§ YOUR INSTRUCTIONS:
Every record here must be copied exactly, except for the images it holds.

---------- GIVEN ENTRIES

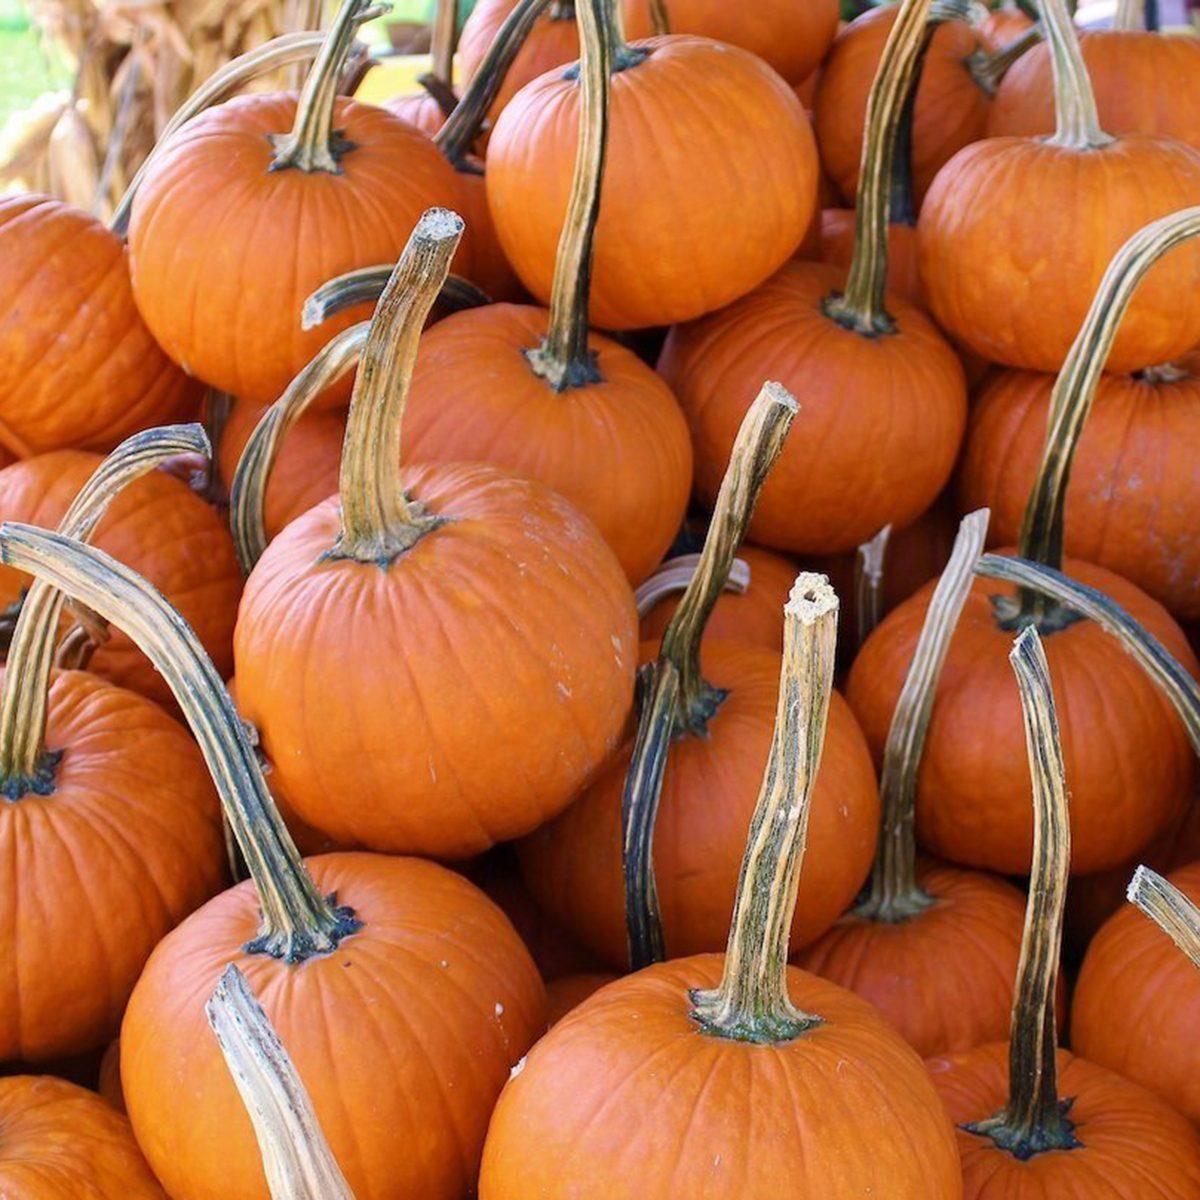 Mound of pumpkins
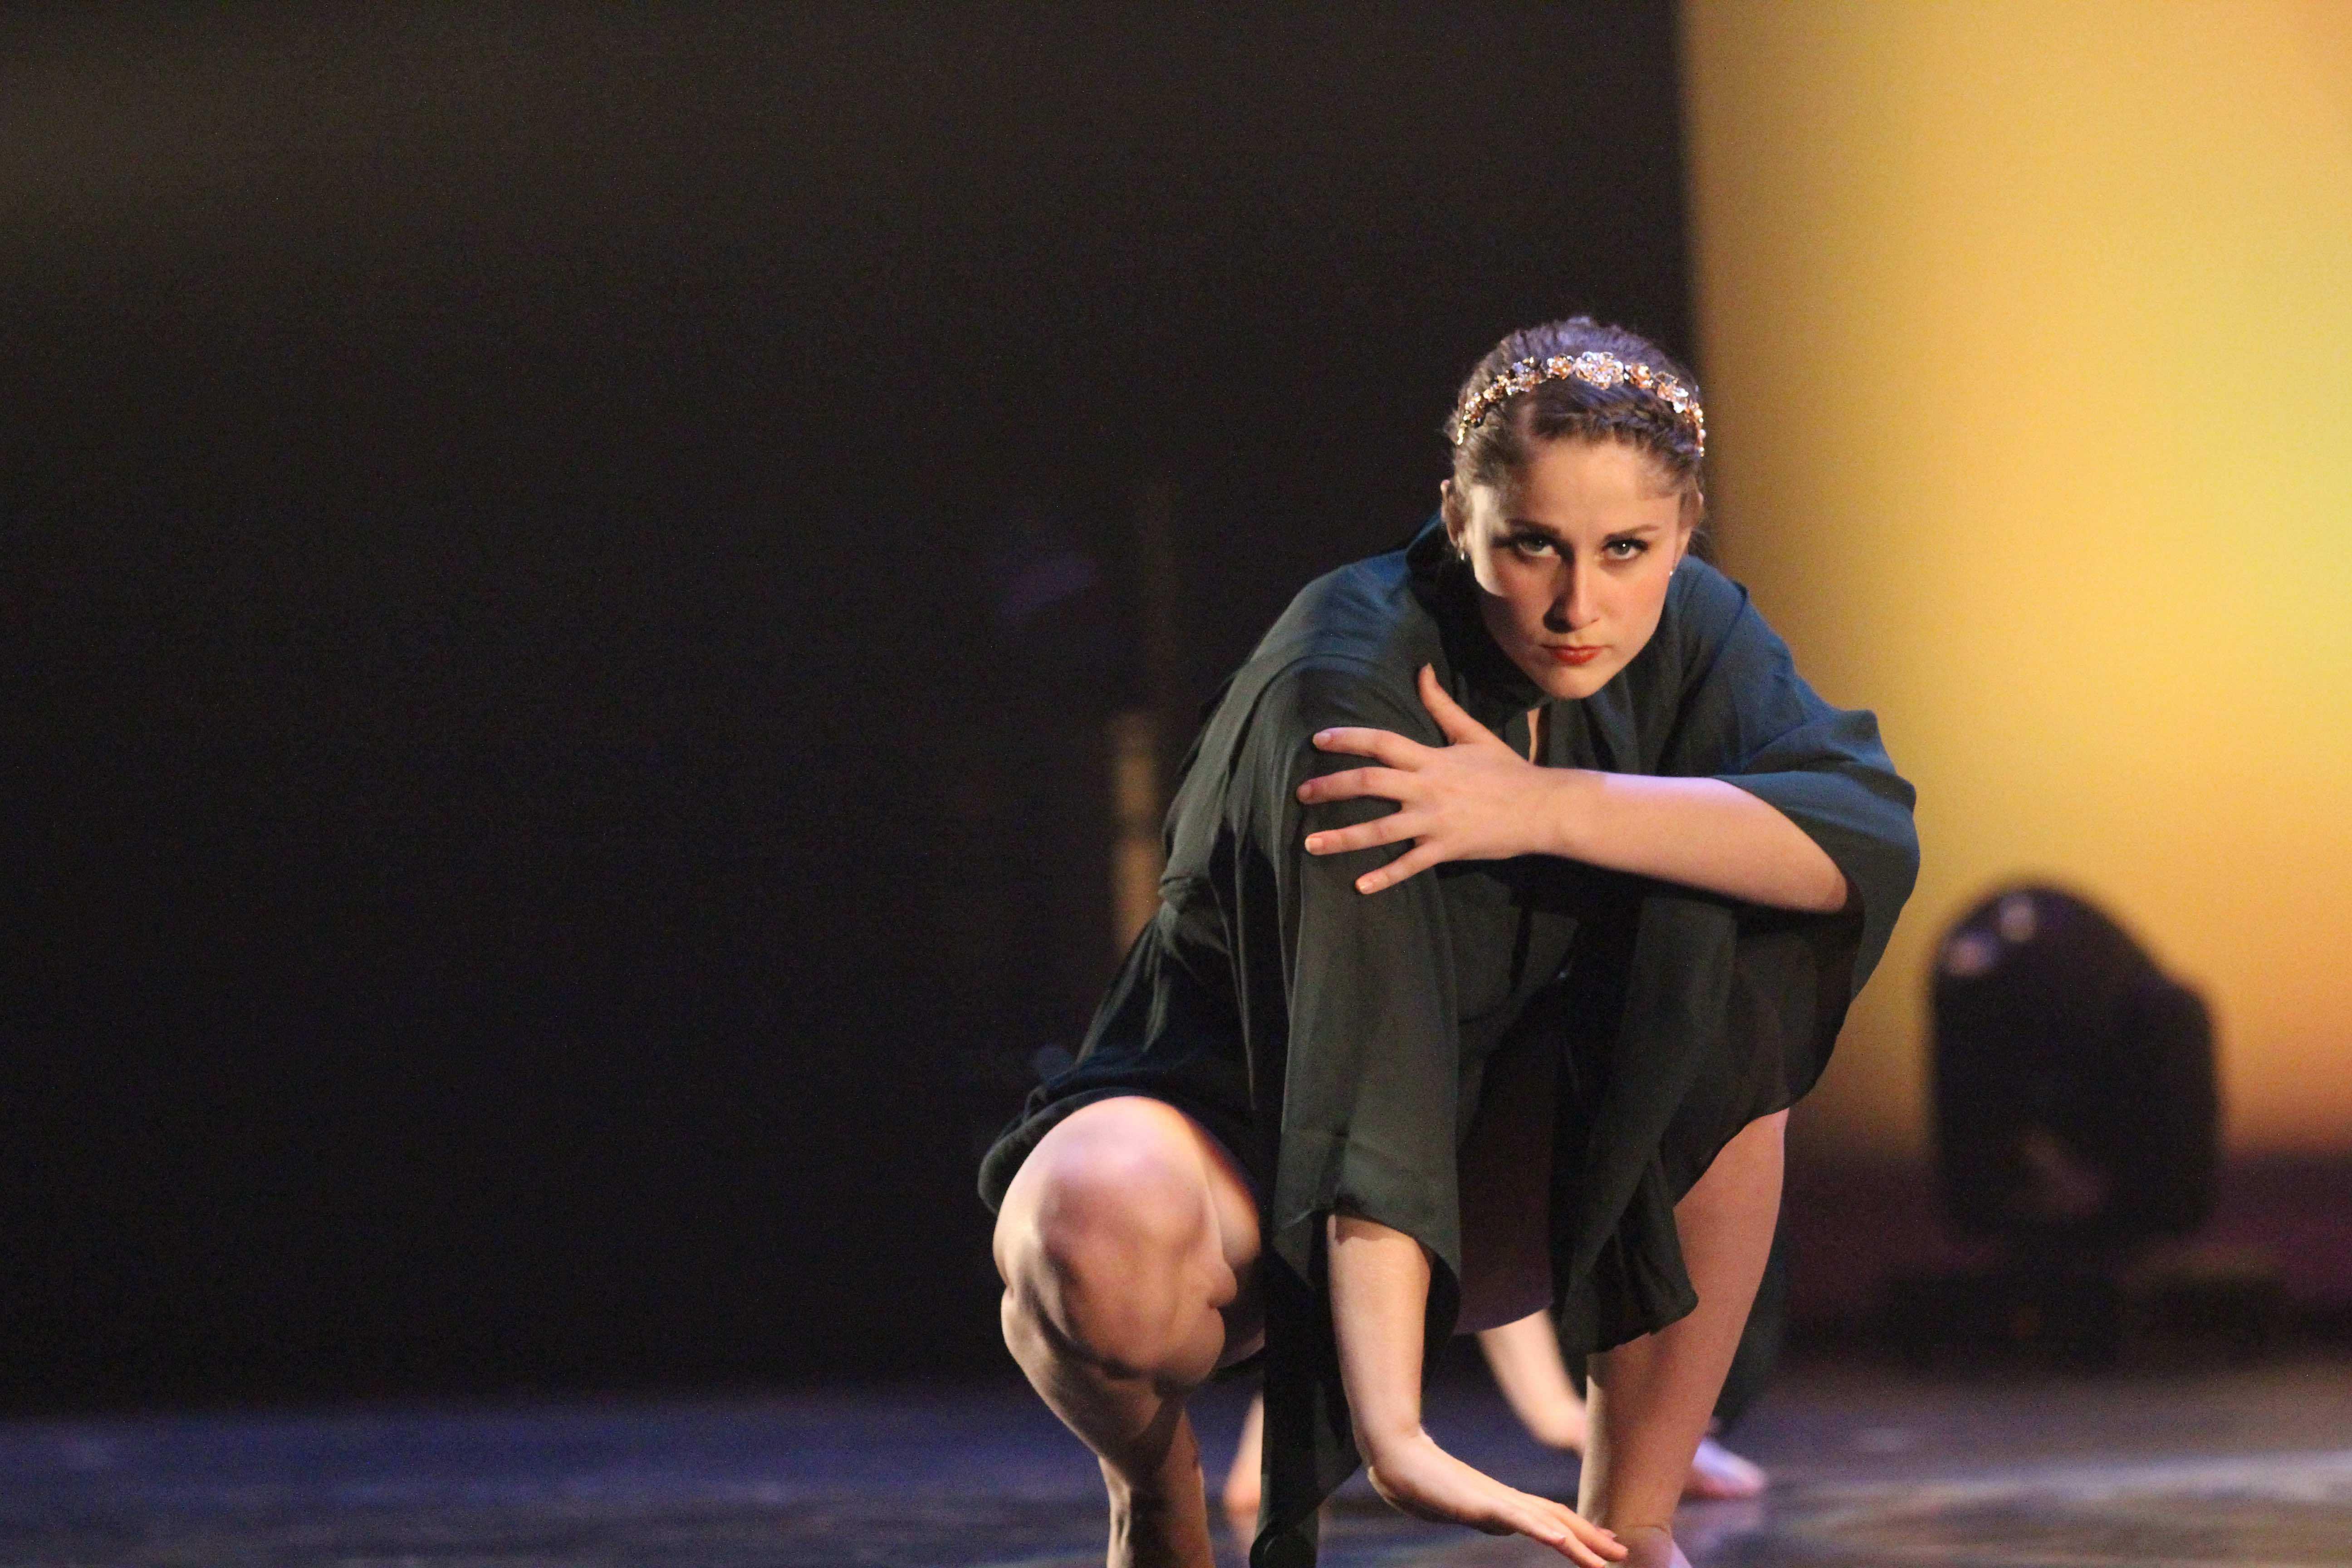 Abby+Scott+%2717+performs+her+dance+piece.
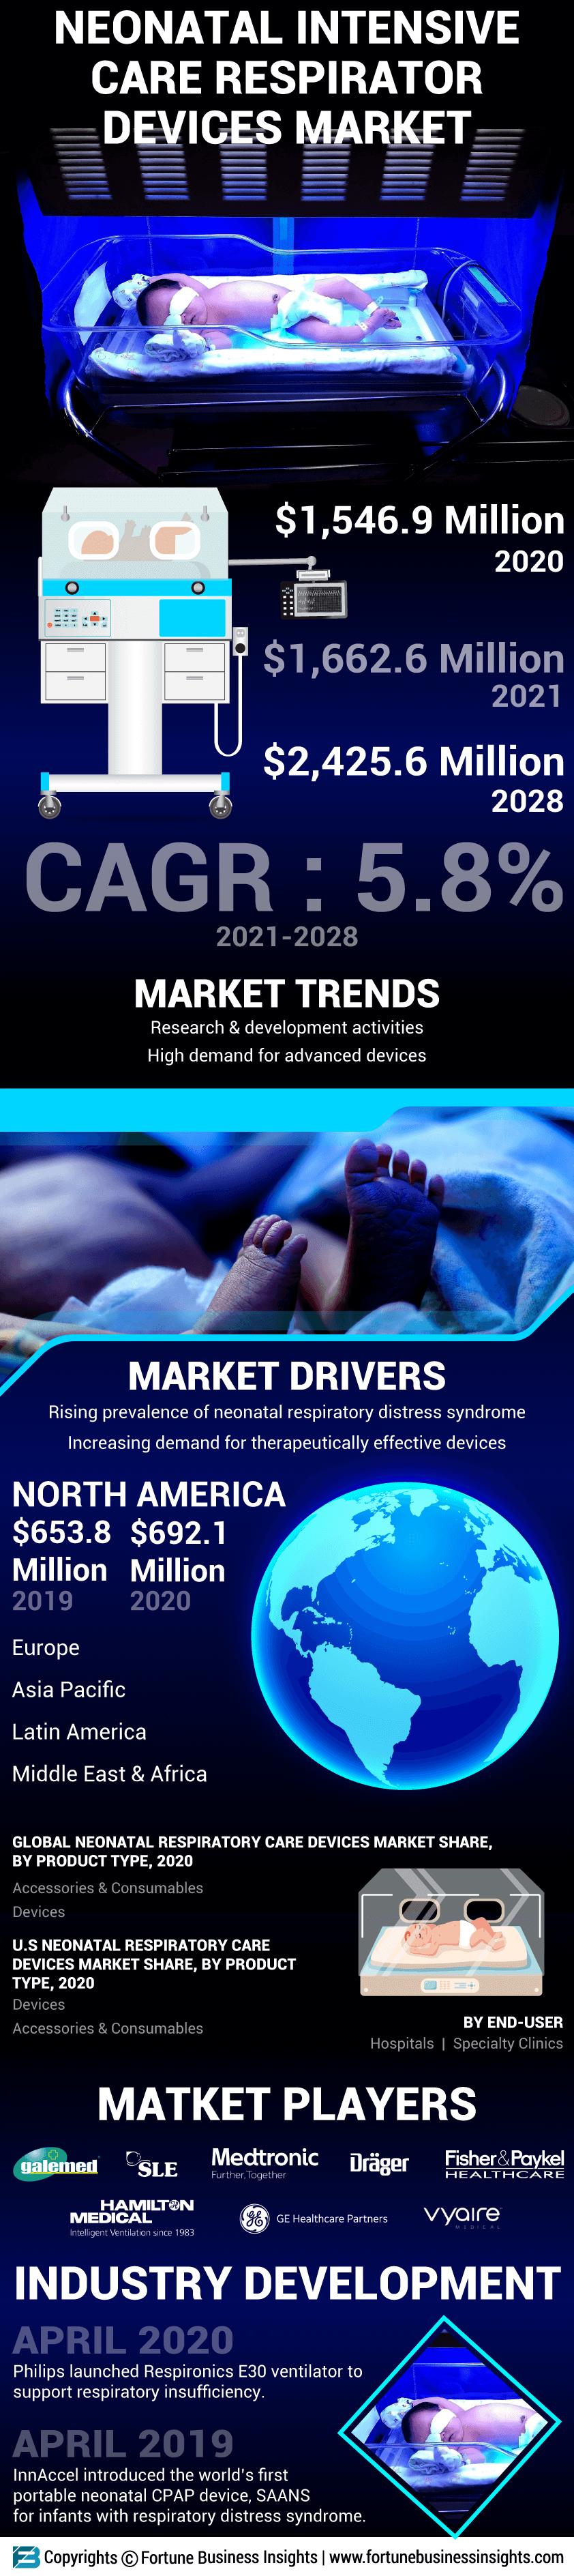 Neonatal Intensive Care Respiratory Devices Market
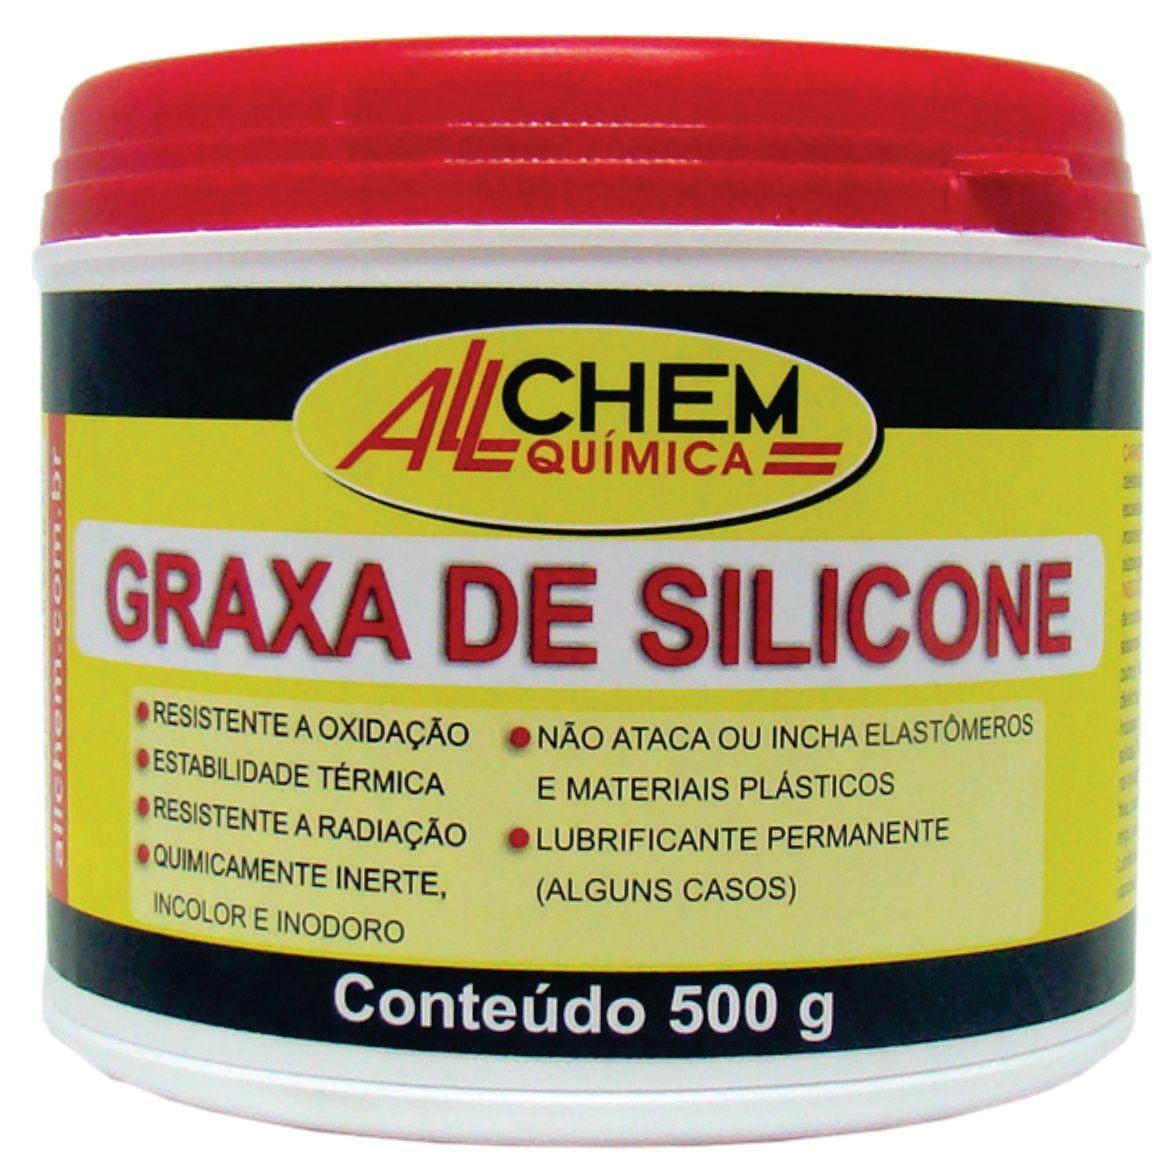 graxa-de-silicone-allchem
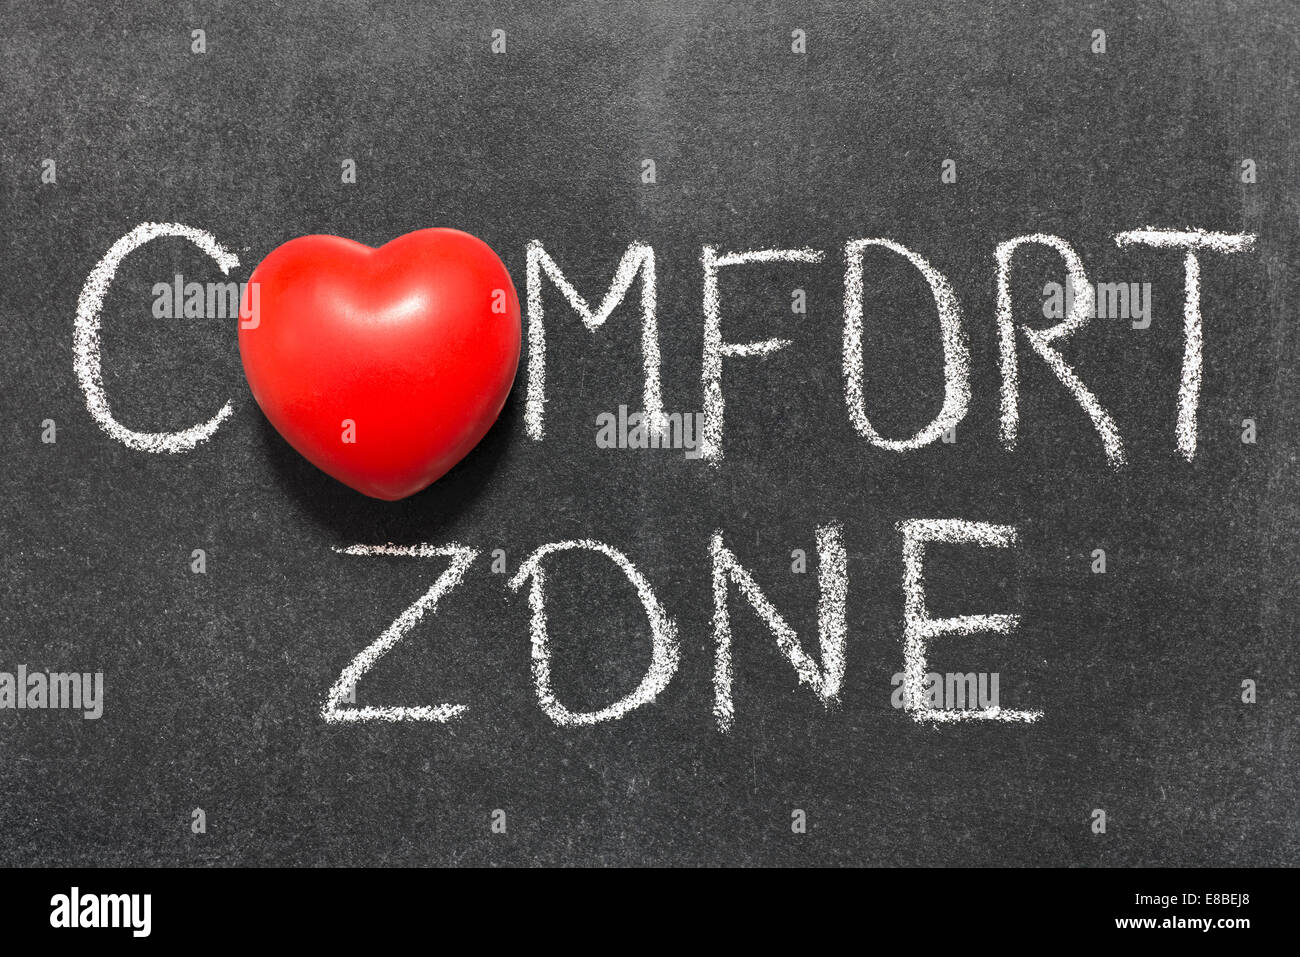 comfort zone phrase handwritten on blackboard with heart symbol instead of O Stock Photo

--------------------

§ SOLUTION TO THIS TASK:
 Mound of pumpkins
 Abby+Scott+%2717+performs+her+dance+piece.
 Neonatal Intensive Care Respiratory Devices Market
 graxa-de-silicone-allchem
 comfort zone phrase handwritten on blackboard with heart symbol instead of O Stock Photo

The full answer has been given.